Cooking with decent ingredients means that you don't want to waste them, however lowly they may seem to be. Something that has crept up on me is finding ways of using up every last crumb of the bread I bake. It's the sort of thrift I was brought up to, but which doesn't work if you're eating Mother's Pride.
At the fish counter yesterday, I was very aware of Ed Bruske's gentle admonishment:
I love monkfish. However, I've stopped buying it because it is listed as "avoid" by the Monterey Bay Aquarium's "Seafood Watch" program. At least in the Atlantic off the U.S. coast, monkfish (a bottom feeder that used to be thrown overboard as trash) has been overfished. Also, the means of catching it usually involves trawling, which seriously damages the ocean floor. I wonder how your British stocks are doing.
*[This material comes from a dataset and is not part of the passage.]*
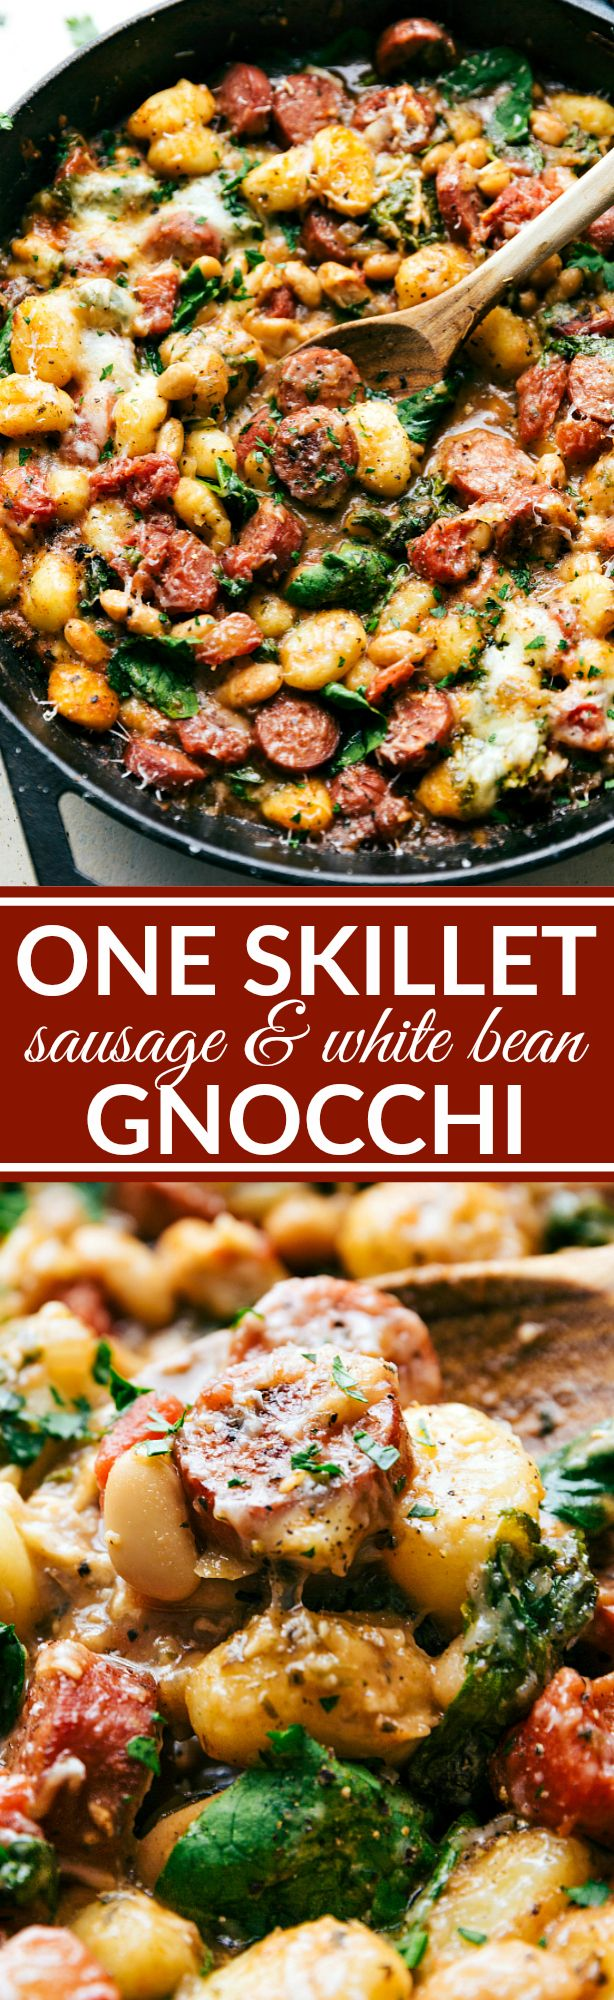 One Skillet Sausage

Well, this information turns out to be very hard to access. The Marine Conservation Society has just redesigned its website, but not enough to make it easy to find the information most people would want: a list of fish that's best to eat, another of endangered fish that should be avoided. It wasn't obvious, either, where they keep the search facility they've opted for instead (why not BOTH?); you need to have heard of their sister organisation FishOnline. The search facility is not entirely straightforward to use, and I had to track back to find out what the numbers meant (is a high number good? or bad?). And all the time, a disembodied voice kept saying, I'm Kate Humble and .... I HATE websites that noise at you without your say-so. It shouldn't take an hour to find this information, and I STILL don't have any clear idea about any other species than monkfish (don't eat it).
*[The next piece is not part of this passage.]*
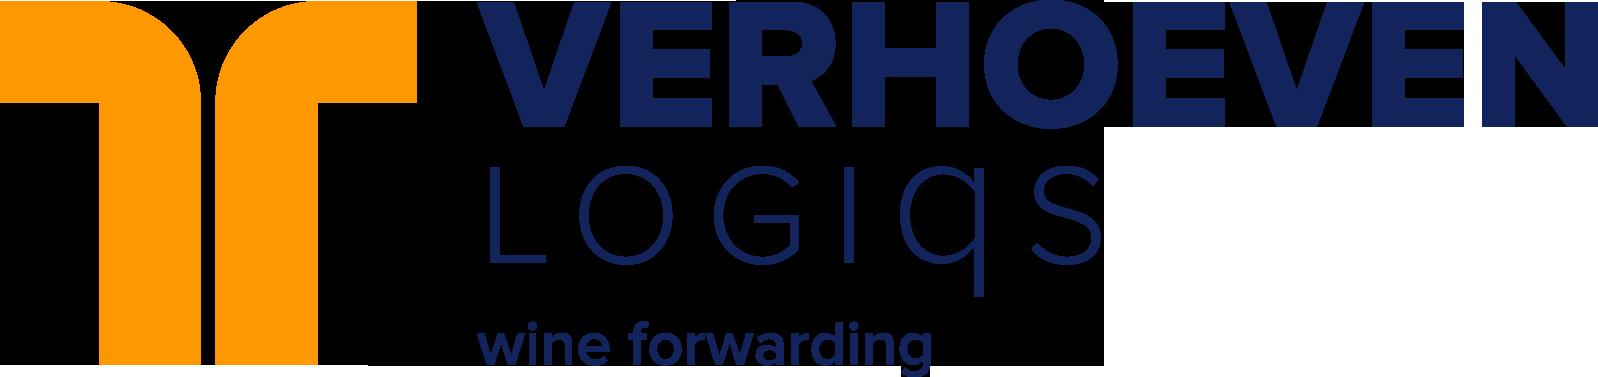 Verhoeven Logiqs logo

No longer on auto-pilot, I found three fat brown trout, speckled just exactly as if they'd been caught in the burn that ran past the home field of my grandfather's Fife farm. (And, yes, I do know that there are problems with farmed fish, but you've got to start somewhere, and yesterday, I was saving the monkfish.) When I bought them, I thought I'd cook them in the Scots manner, dipped in egg and oatmeal. But then I started browsing the recipe books ...
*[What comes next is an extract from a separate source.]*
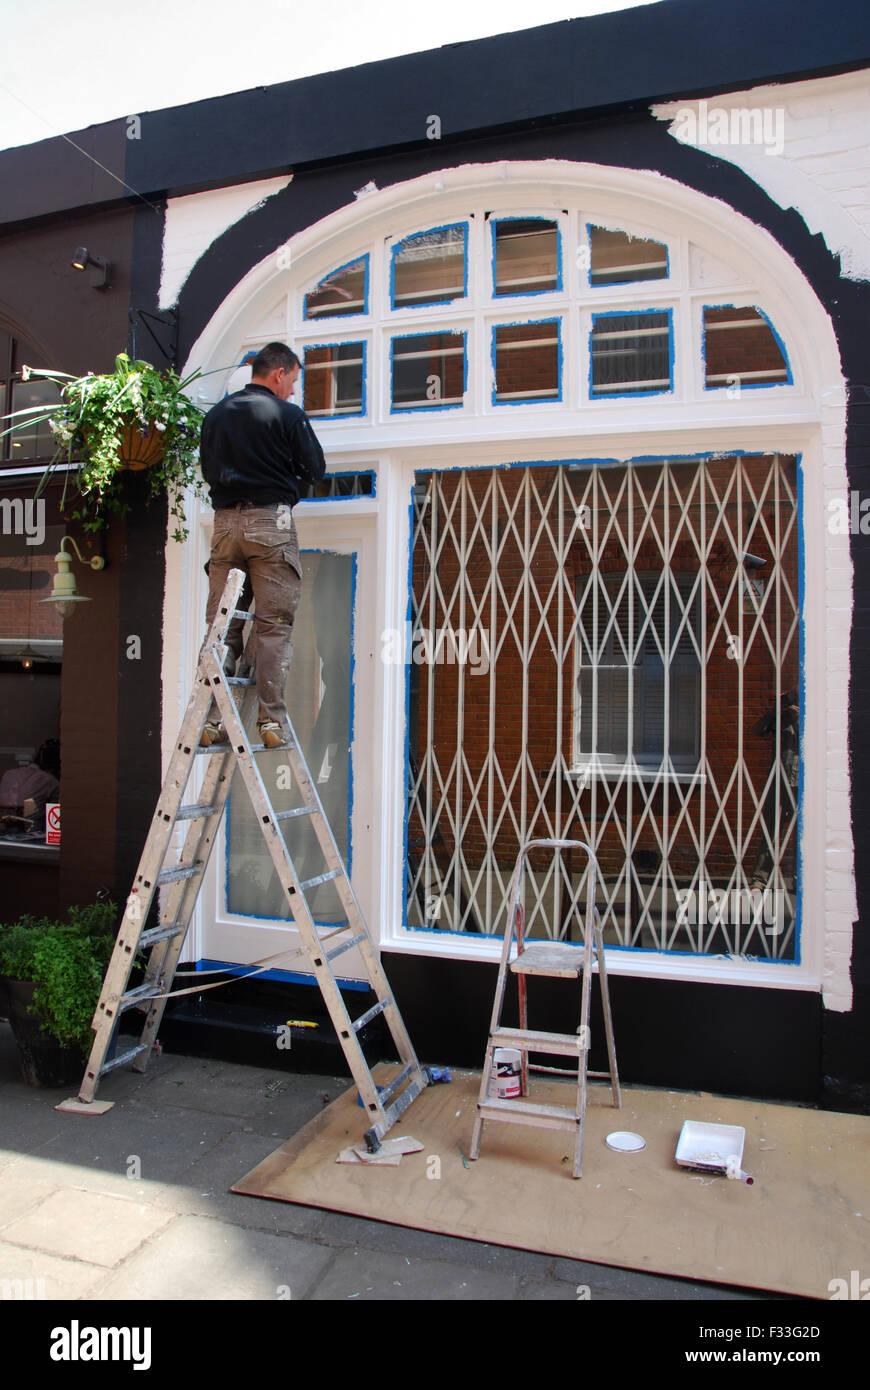 Maler Malerarbeiten Fassade Eines Hauses Hampstead London Uk

I rejected Michael Smith's recipe (in his excellent Fine English Cookery) for trout and almonds; there was the faint reminder of dour restaurant meals taken on the last night of the school holidays before incarceration (that really is the right word) at my isolated Dorset convent boarding school. Instead, I chose grilled trout with herb stuffing from Ann and Franco Taruschio's Leaves from the Walnut Tree.
I've only recently acquired this seminal book, and this is the first thing I've cooked from it. The Taruschios ran The Walnut Tree at Llandewi Skirrid from 1963 to 2001; it was Elizabeth David's favourite British restaurant; Jan Morris says she would happily go there for a plate of scrambled eggs. The subtitle of their book tells you everything you need to know: Recipes of a Lifetime.
Here's Jan Morris's description of Franco Taruschio's cooking: With herbs from the garden behind the pub, fruits and vegetables from local growers, fish and meat from a supplier down the road, the victuals at The Walnut Tree are, like the restaurant itself, a fascinating blend of the worldly and the simple, the plain organic and the exquisitely invented. This way of cooking is exactly of the moment: the Taruschio's - like, say, Alice Waters - are trailblazers.
This stuffing is a very good example: it's similar to the sort of thing my grandmother might have made to stuff a trout, but she wouldn't have used chilli flakes (even though she was a daughter of the Raj, and knew all about curry). It can be put together in moments - but is only worth making with really good bread. And if you habitually keep or make really good bread, then you'll be on the lookout for recipes which use up the last crumbs. This is one of the best I've found.
Grilled trout with rosemary
3-4 prepared whole trout
2 tbsp finely chopped parsley
1 tbsp finely chopped rosemary
4 tbsp fresh breadcrumbs
dried chilli flakes
Mix the herbs and breadcrumbs. Add a pinch of chilli flakes, the zest and juice of a lemon, four tablespoons of olive oil, and pepper. Use this to stuff the fish. Lay them on an oiled grillpan, lightly oil the fish, and sprinkle with Maldon salt. Cook for four minutes under a very hot grill, then turn, drizzle with oil and lightly salt, grill for 3-4 minutes.